EXERCISE DATA:
+++

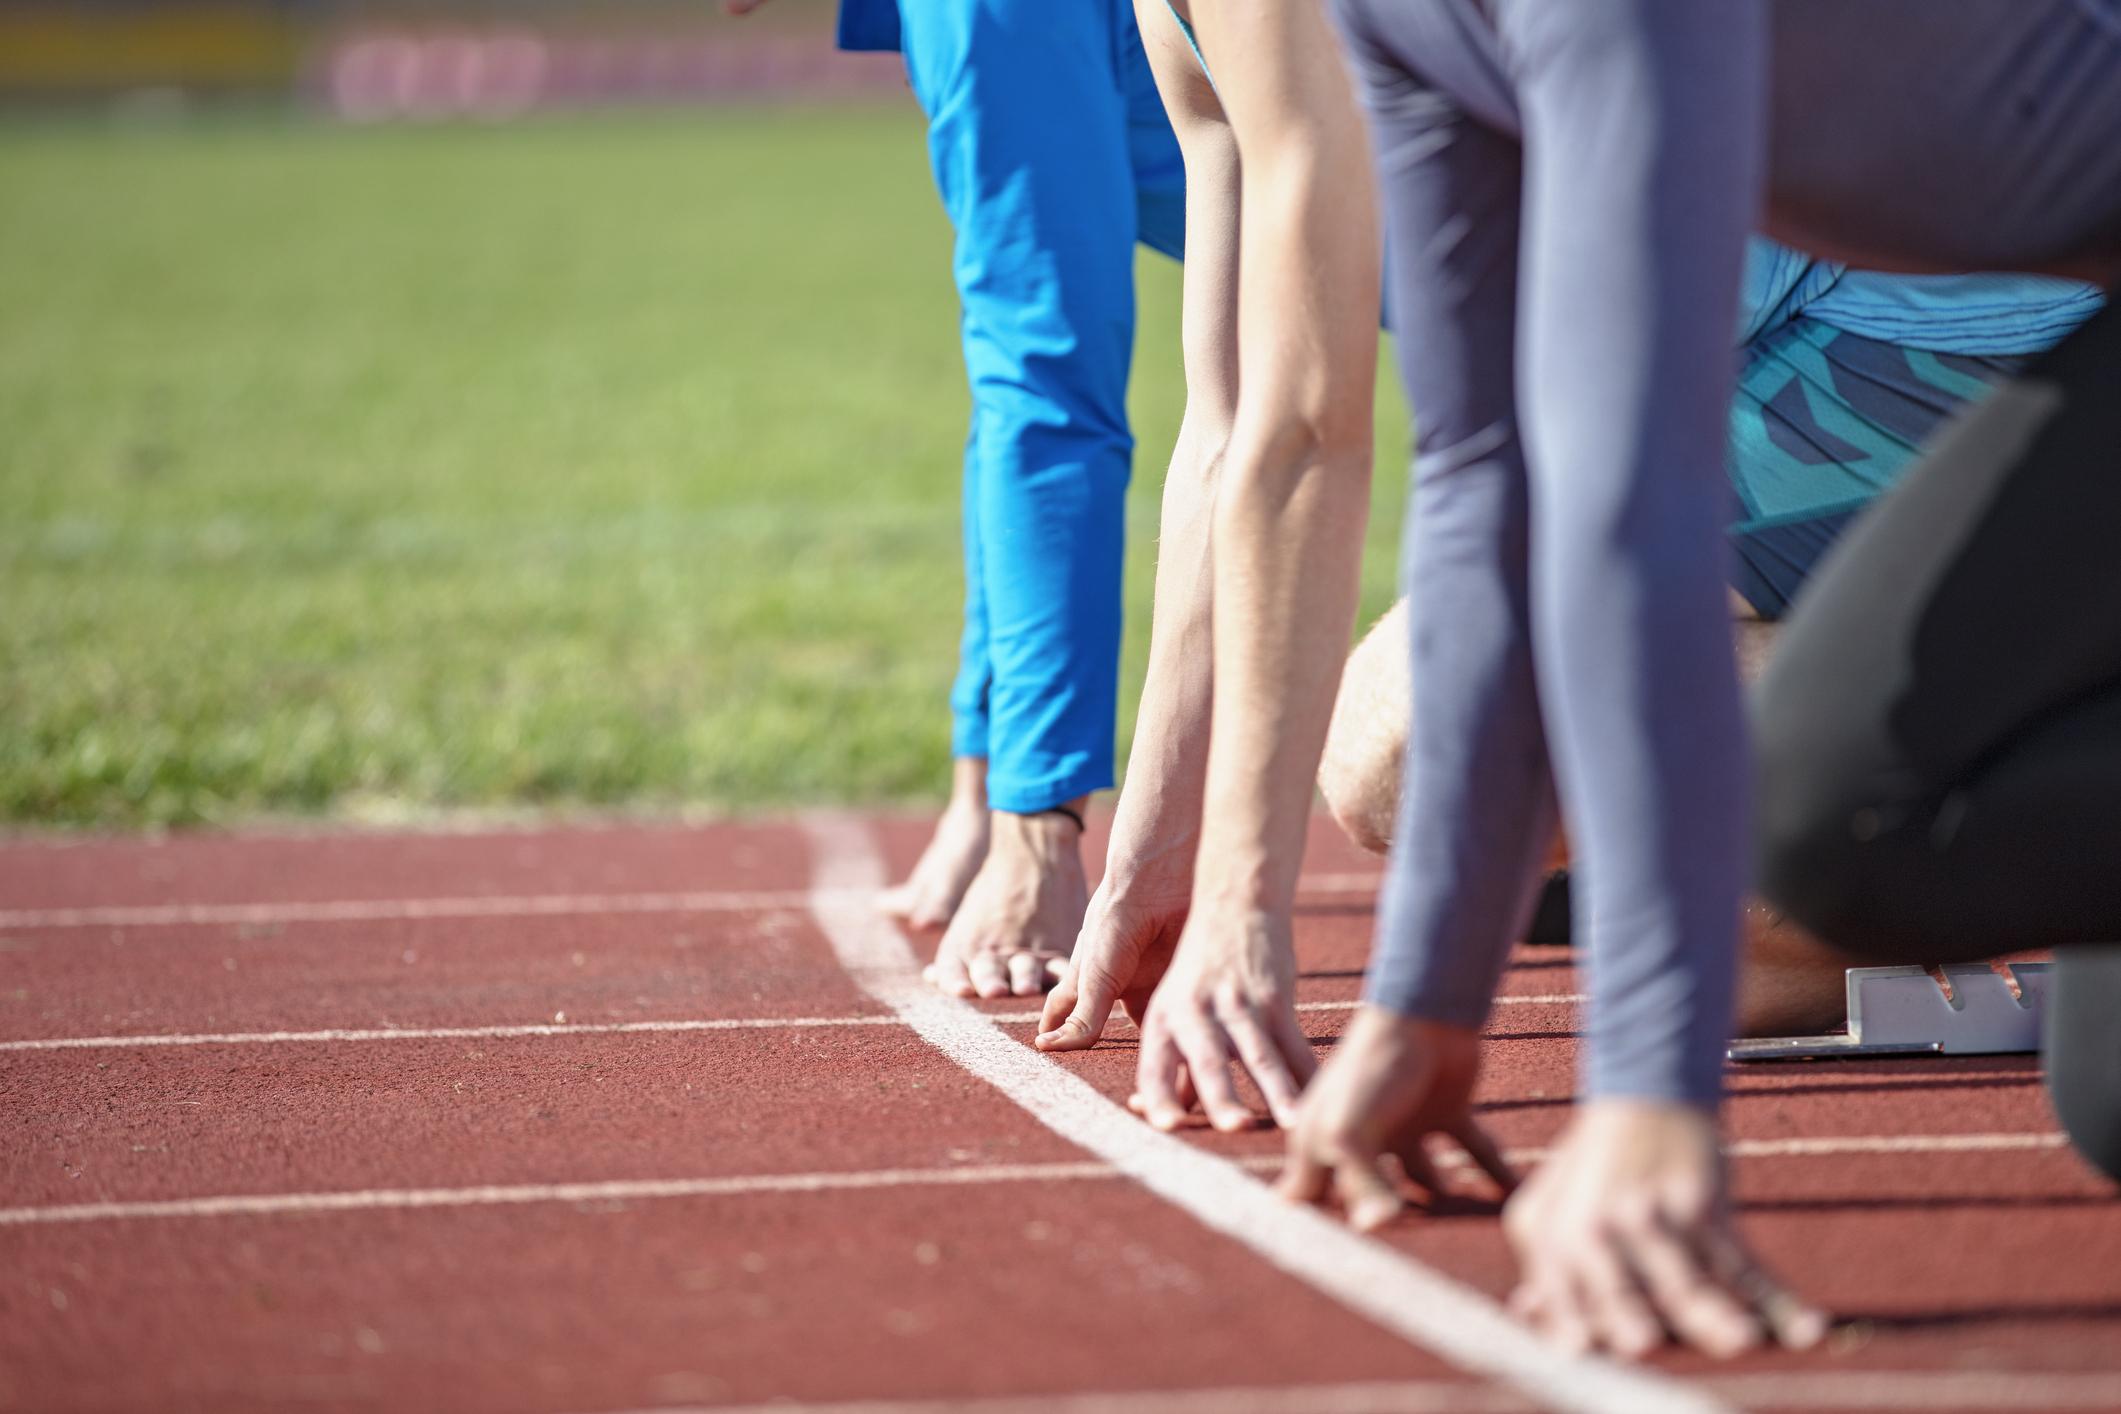 Three runners on starting blocks.
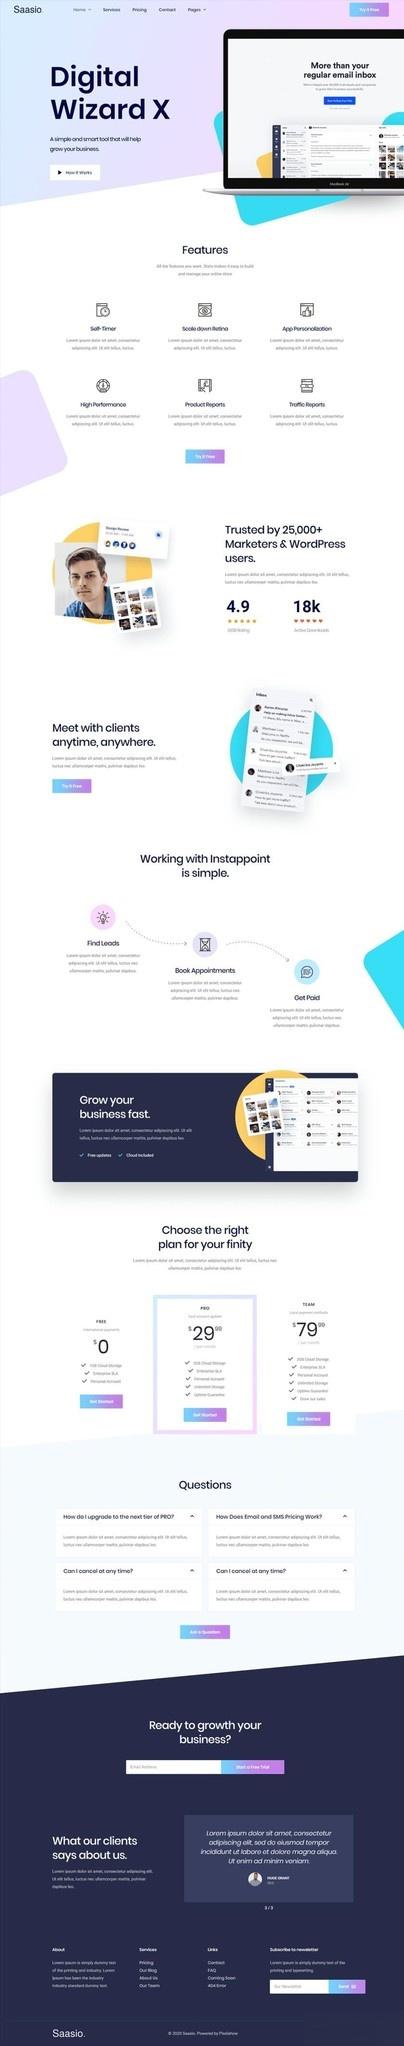 信息服务网站WordPress官网主题模板Elementor模板插图(1)
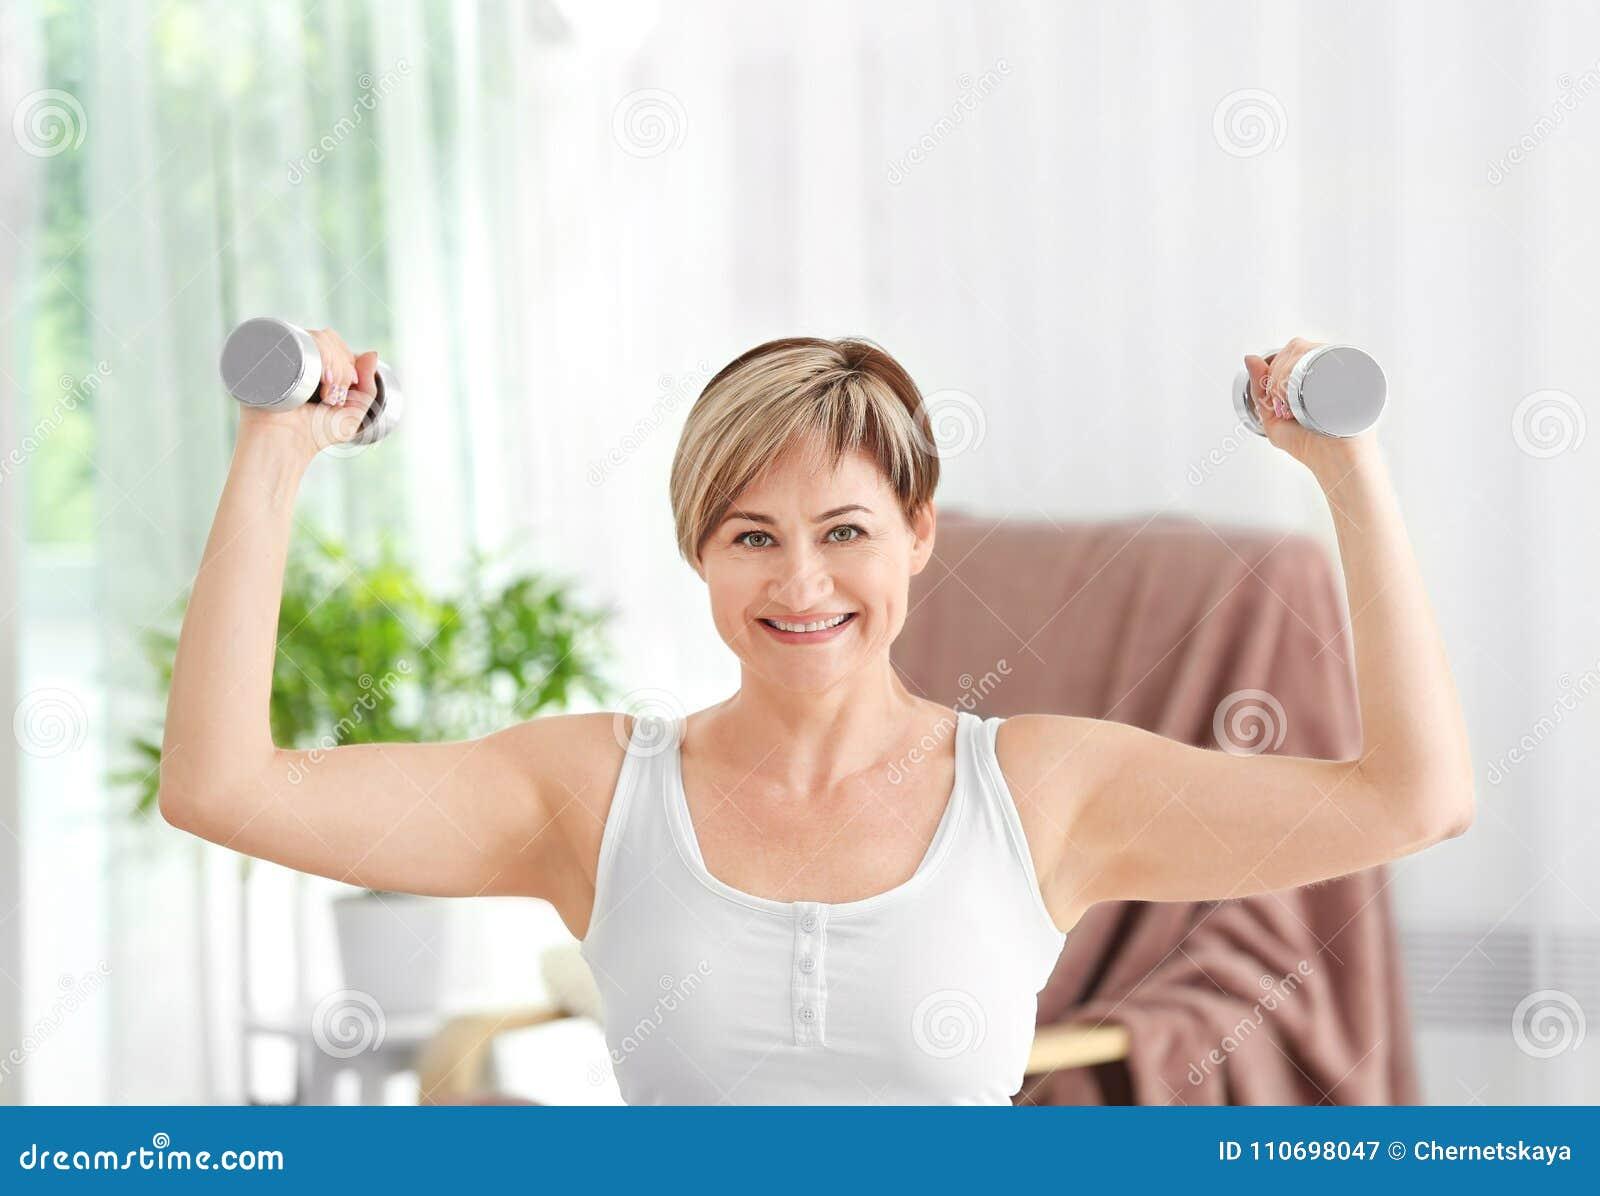 Entrenar pesas en casa
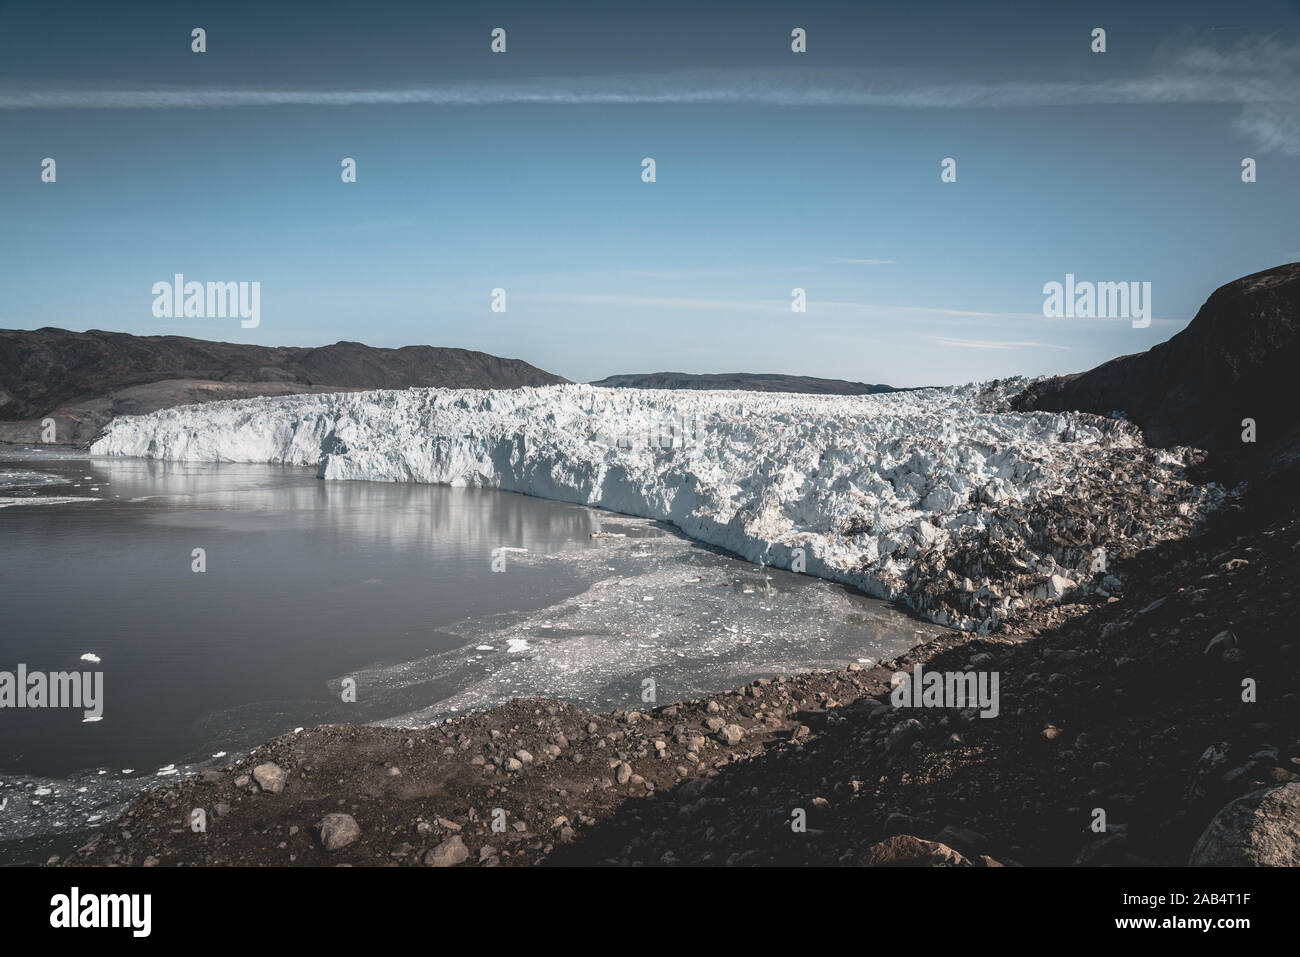 Le Groenland, Eqip Sermia, Eqi Glacier au Groenland La baie de Disko. Le matin, une excursion en bateau sur la mer arctique, de la baie de Baffin, le vêlage des glaciers. Des brise-glace Banque D'Images

+++

THE TASK:
Retype each line above exactly. Leave the images out.

WORKED SOLUTION:
 Three runners on starting blocks.
 信息服务网站WordPress官网主题模板Elementor模板插图(1)
 Entrenar pesas en casa
 Le Groenland, Eqip Sermia, Eqi Glacier au Groenland La baie de Disko. Le matin, une excursion en bateau sur la mer arctique, de la baie de Baffin, le vêlage des glaciers. Des brise-glace Banque D'Images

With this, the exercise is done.